Portsmouth Abbey School Announces Commencement Speaker for the Class of 2019
John M. McCardell - Commencement Speaker 2019

 

The Board of Trustees and Headmaster of Portsmouth Abbey School are proud to announce that Dr. John Malcolm McCardell, Jr., will deliver the commencement address to the Class of 2019 on Sunday, May 26.

Dr. McCardell is a distinguished historian and respected national leader in liberal arts education. He possesses a record of achievement as a scholar of the American South and is a respected national figure in the public discussion about higher education and student life. He currently serves as the vice-chancellor and president of Sewanee: The University of the South, where he is also a history professor.

A Maryland native and a 1971 graduate of Washington and Lee University, Dr. McCardell completed graduate work at The Johns Hopkins University and at Harvard University where he earned a Ph.D. in history in 1976.  For his dissertation, “The Idea of a Southern Nation,” he was awarded the 1977 Allan Nevins Prize by the Society of American Historians.

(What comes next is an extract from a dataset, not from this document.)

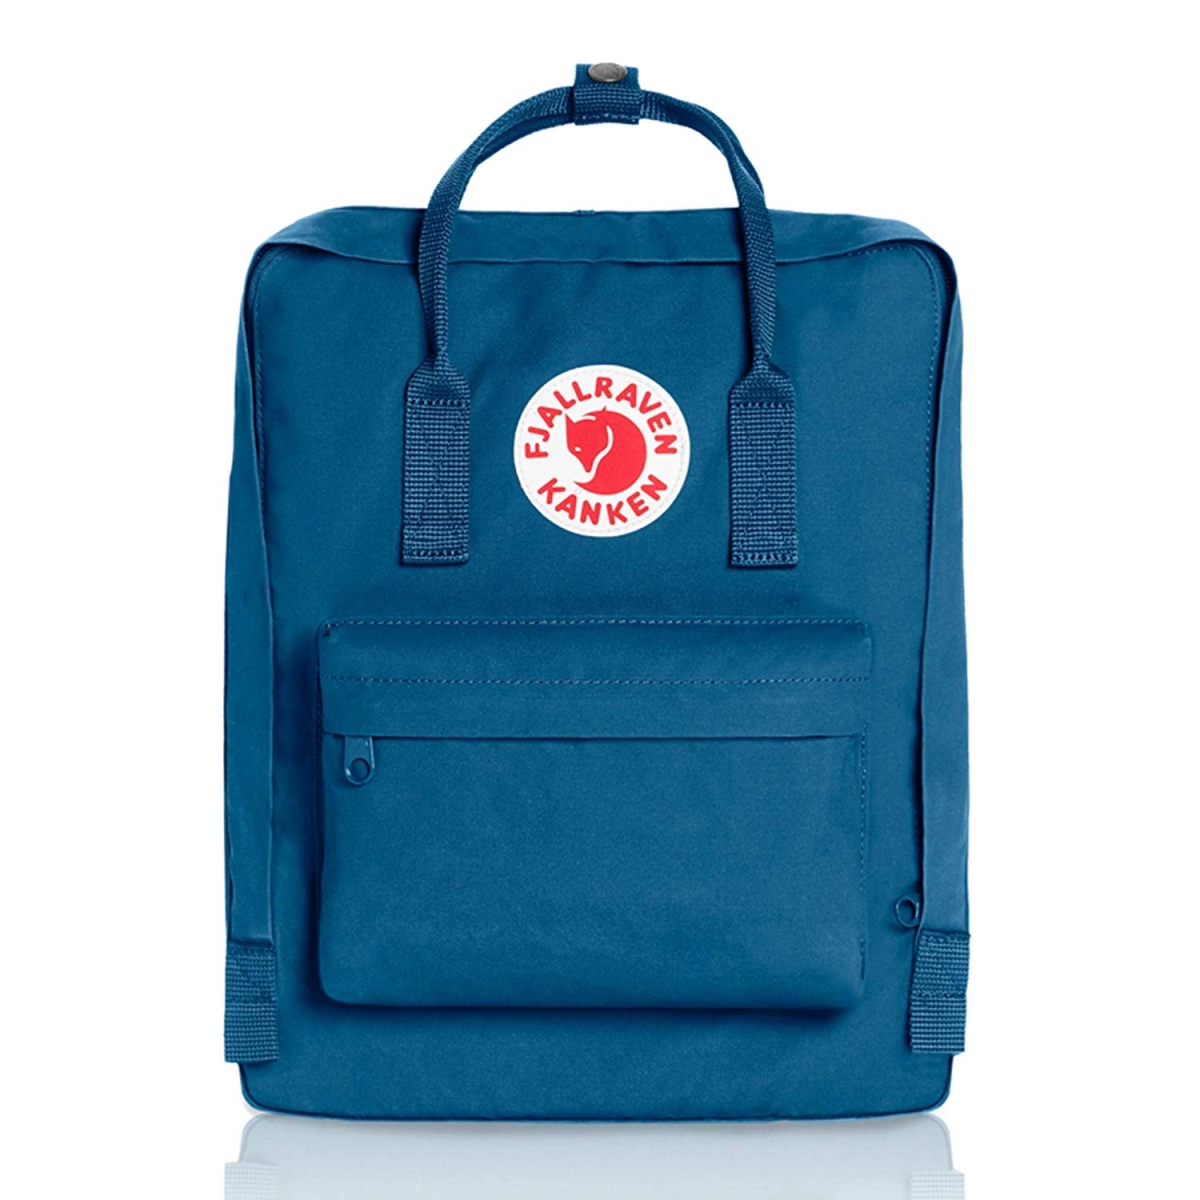 23510-539 Kanken Classic Backpack For Everyday, Lake Blue

After graduation, Dr. McCardell joined the history faculty at Middlebury College in 1976 and served as Middlebury’s president from 1992 until he stepped down in 2004. Dr. McCardell was named professor emeritus, and he and his wife, Bonnie, received an Honorary Alumni Plaque Award from the Alumni Association to highlight their many years and multiple dimensions of service. In 2009, they both received honorary degrees from the College.

In January 2010, Dr. McCardell was elected to be the 16th vice-chancellor of Sewanee: The University of the South. Sewanee is a 13,000-acre liberal arts university known for being a top producer of Rhodes Scholars and for its publication of The Sewanee Review, the longest running literary magazine in the country. The university has graduate programs in literature, the founder of which was a Bread Loaf graduate, as well as The School in Theology, an Episcopal seminary.

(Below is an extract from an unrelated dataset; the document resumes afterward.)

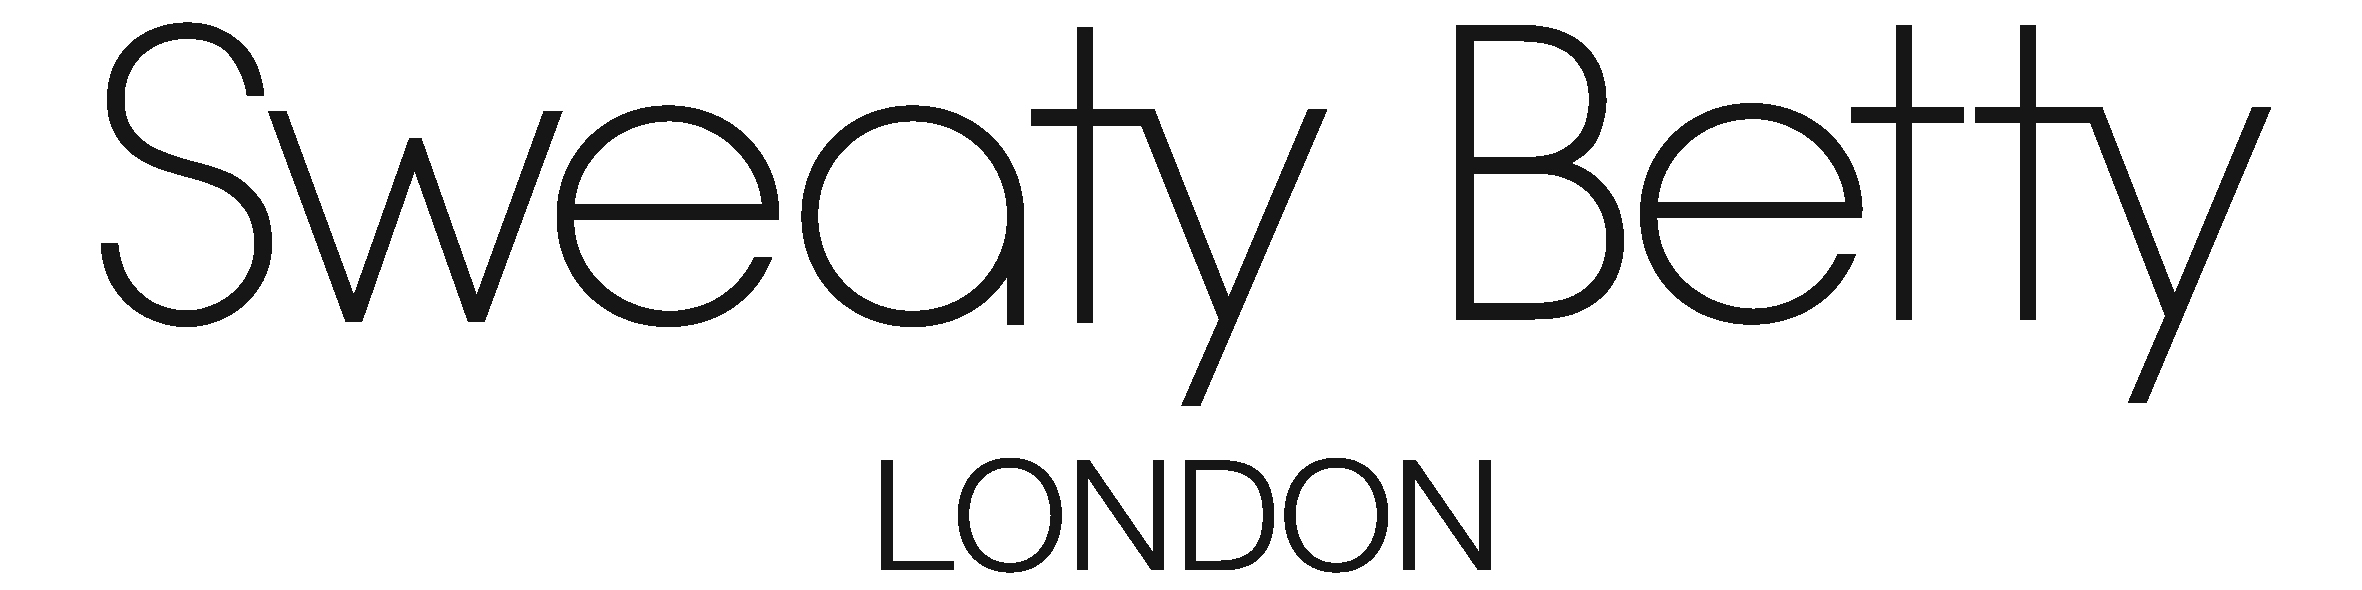 Sweaty_Betty_London_Logo_Black

Dr. McCardell, a prolific writer, has authored many essays, chapters, articles, and book reviews. His specialty is U.S. history in the 19th century with special emphasis on the Old South and on American historiography. In addition, he served as chairman of the Division III Presidents’ Council of the NCAA in 2003-04 and led a successful, comprehensive reform effort. He is the founder and director of Choose Responsibility, an organization dedicated to exploring and advocating the lowering of the legal drinking age to 18 and issuing drinking learner permits to adults age 18, 19, and 20 in an effort to promote responsible consumption. He authored an op-ed in The New York Times in 2004 saying, "the 21-year-old drinking age is bad social policy and terrible law." He later spearheaded the creation of the Amethyst Initiative, a statement of over 120 college presidents across the United States calling for reconsideration of drinking age laws.

Dr. McCardell serves on the Board of Directors of the National Association of Independent Colleges and Universities (NAICU). NAICU board members set the association agenda on federal higher education policy; actively encourage support of association priorities and initiatives; and oversee the organization’s financial administration.  In 2015-2016, he chaired the board.

He has been a trustee of The Episcopal High School and Washington and Lee University, and currently serves on the boards of Porter-Gaud School in Charleston, SC, and the South Carolina Historical Society.

Dr. McCardell is a member of Phi Beta Kappa and Omicron Delta Kappa and has been honored with grants and fellowships from the American Philosophical Society, the National Endowment for the Humanities and the Institute for Southern Studies.